(INFORMATION PROVIDED begins)

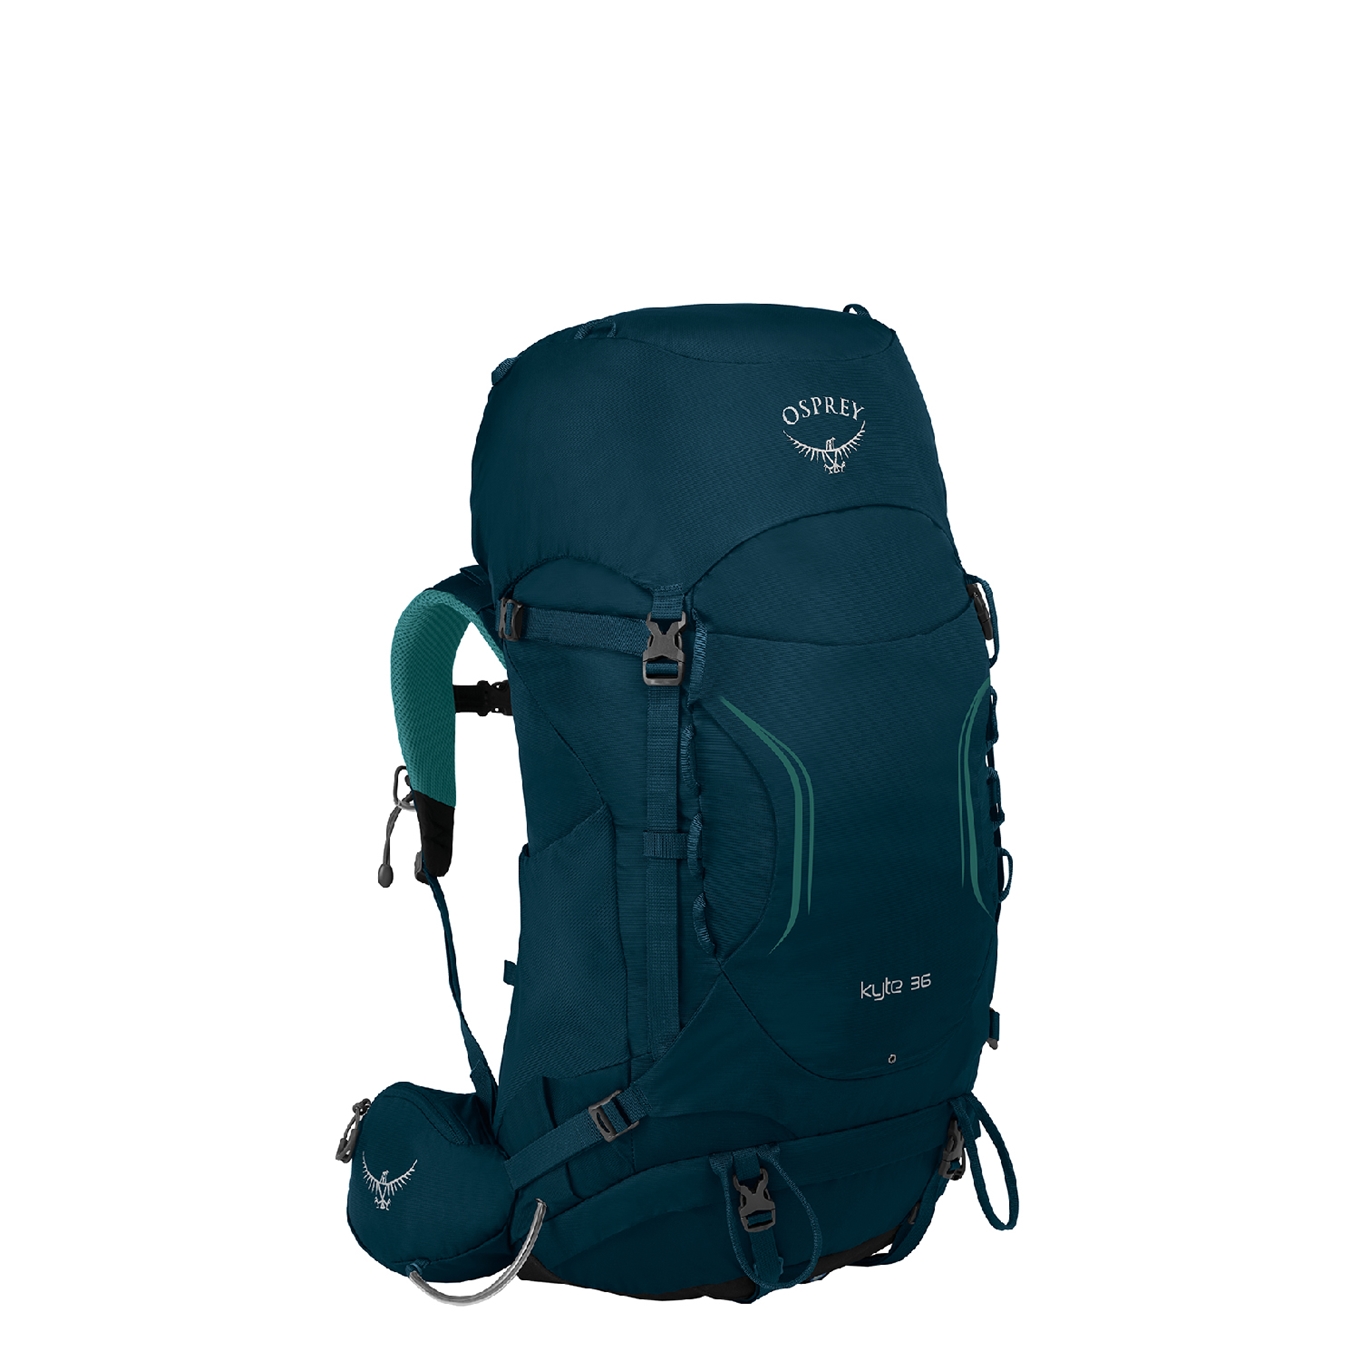 Osprey Kyte 36 Women&apos;s Backpack S/M icelake green backpack
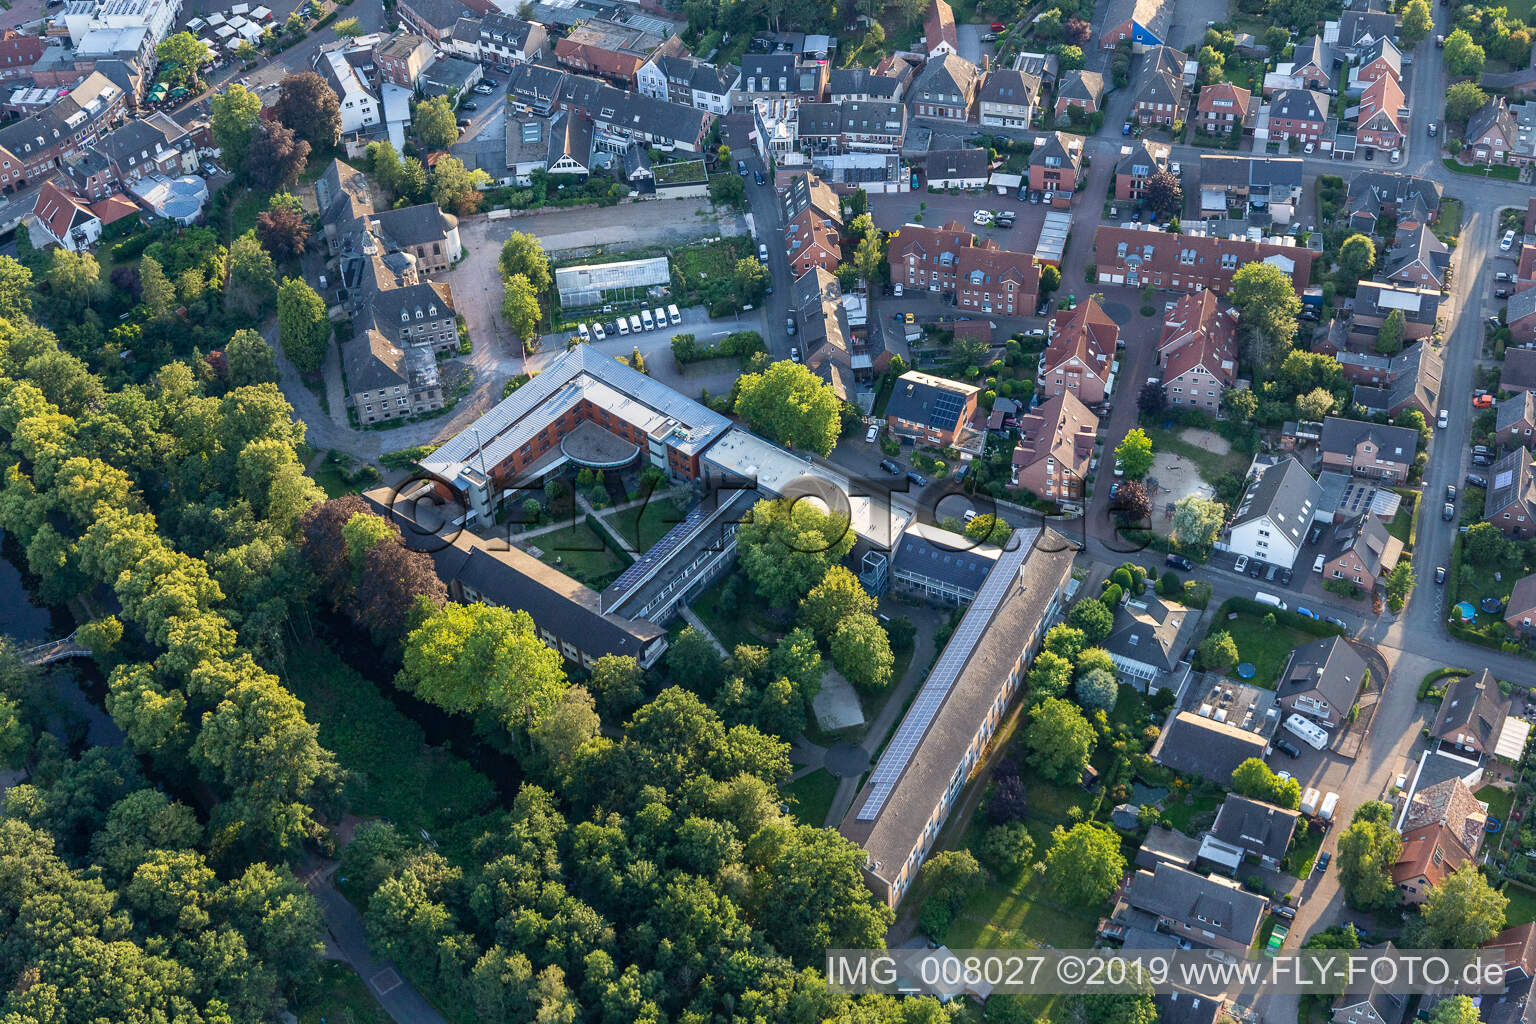 Aerial view of Klausenhof Academy in Rhede in the state North Rhine-Westphalia, Germany
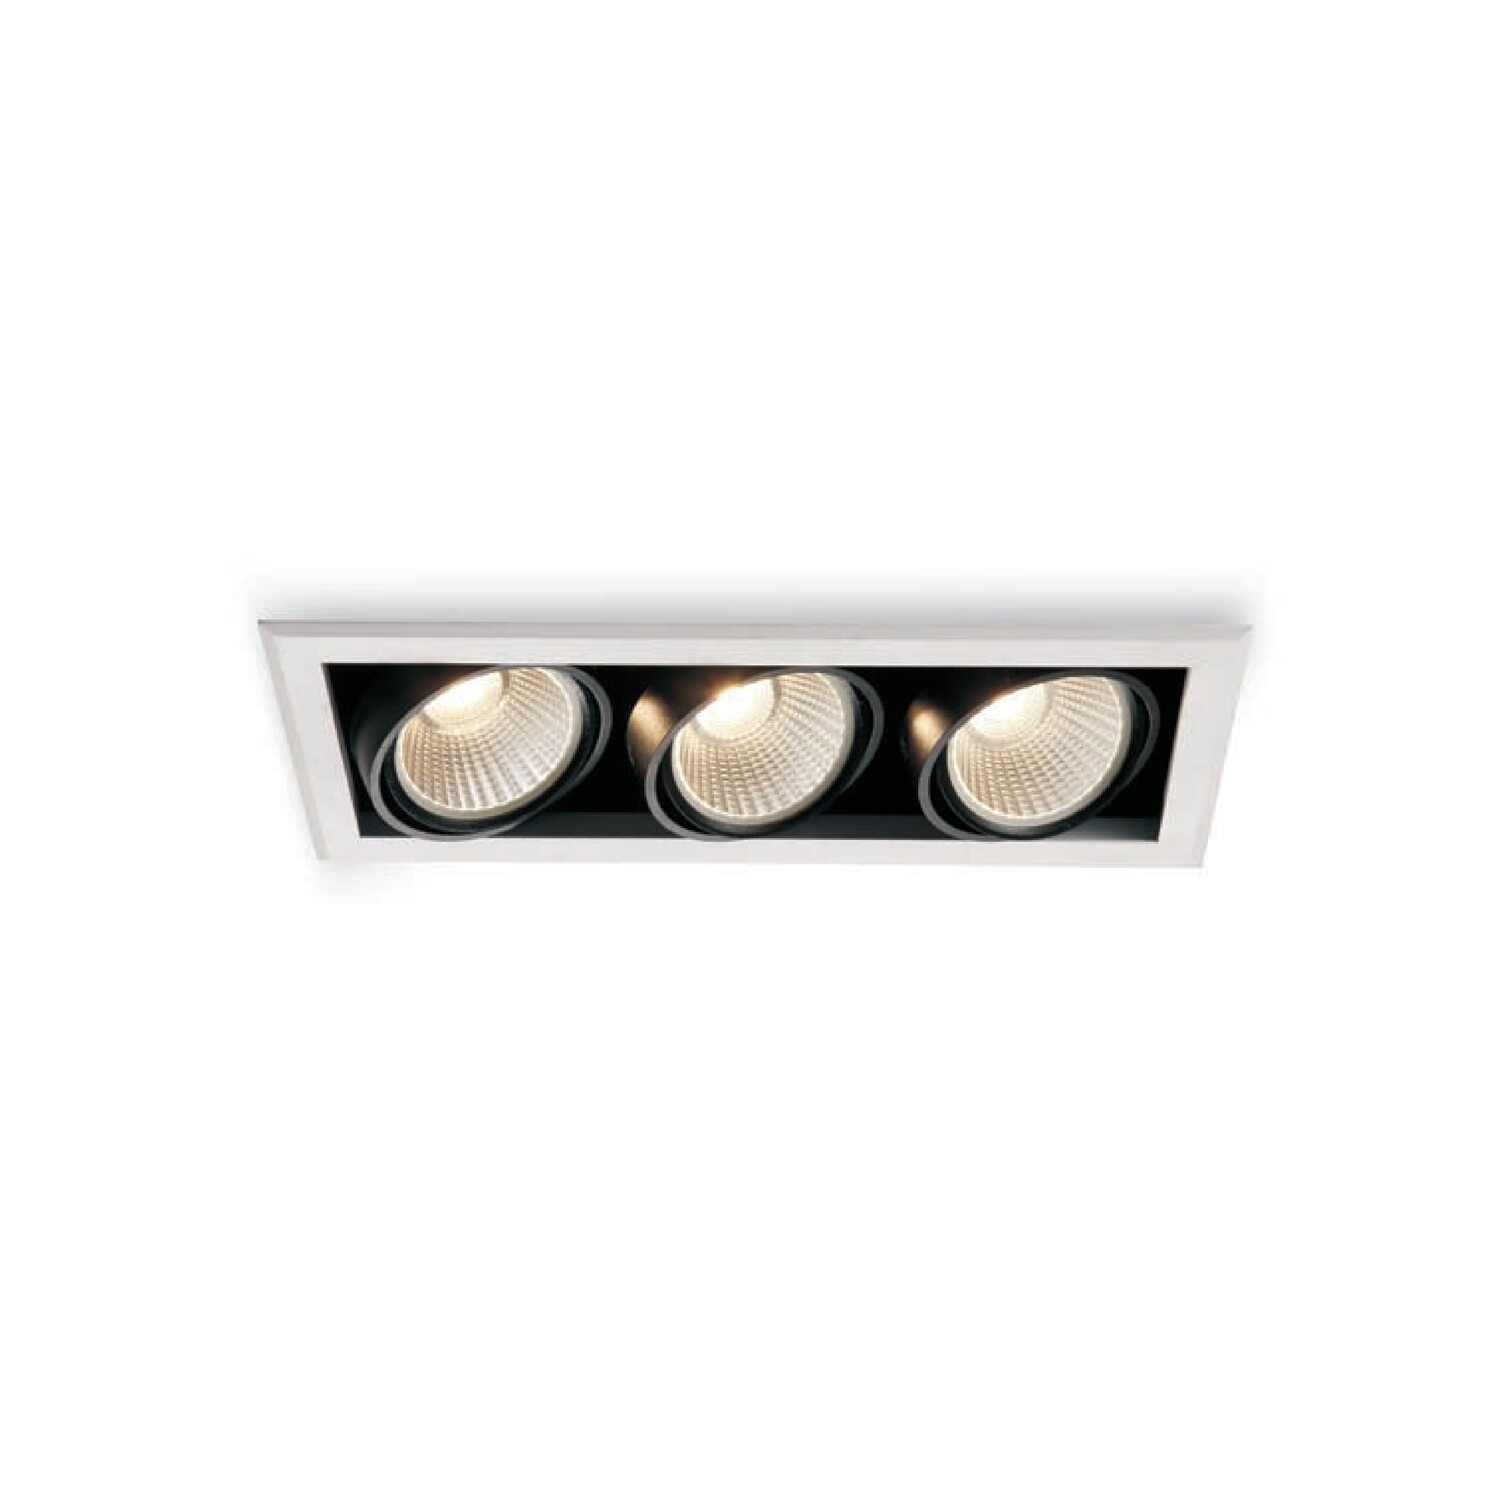 Ojo de buey rectangular con triple luminaria en color blanco y negro con movilidad para enfoque puntual luminosidad alta en luz extra cálida.

(INFORMATION PROVIDED ends)

- _WHAT TO PRODUCE_: Take the listing above and restate it word for word, without its pictures.

- _PROBLEM SOLUTION_:
 Osprey Kyte 36 Women&apos;s Backpack S/M icelake green backpack
 Aerial view of Klausenhof Academy in Rhede in the state North Rhine-Westphalia, Germany
 Ojo de buey rectangular con triple luminaria en color blanco y negro con movilidad para enfoque puntual luminosidad alta en luz extra cálida.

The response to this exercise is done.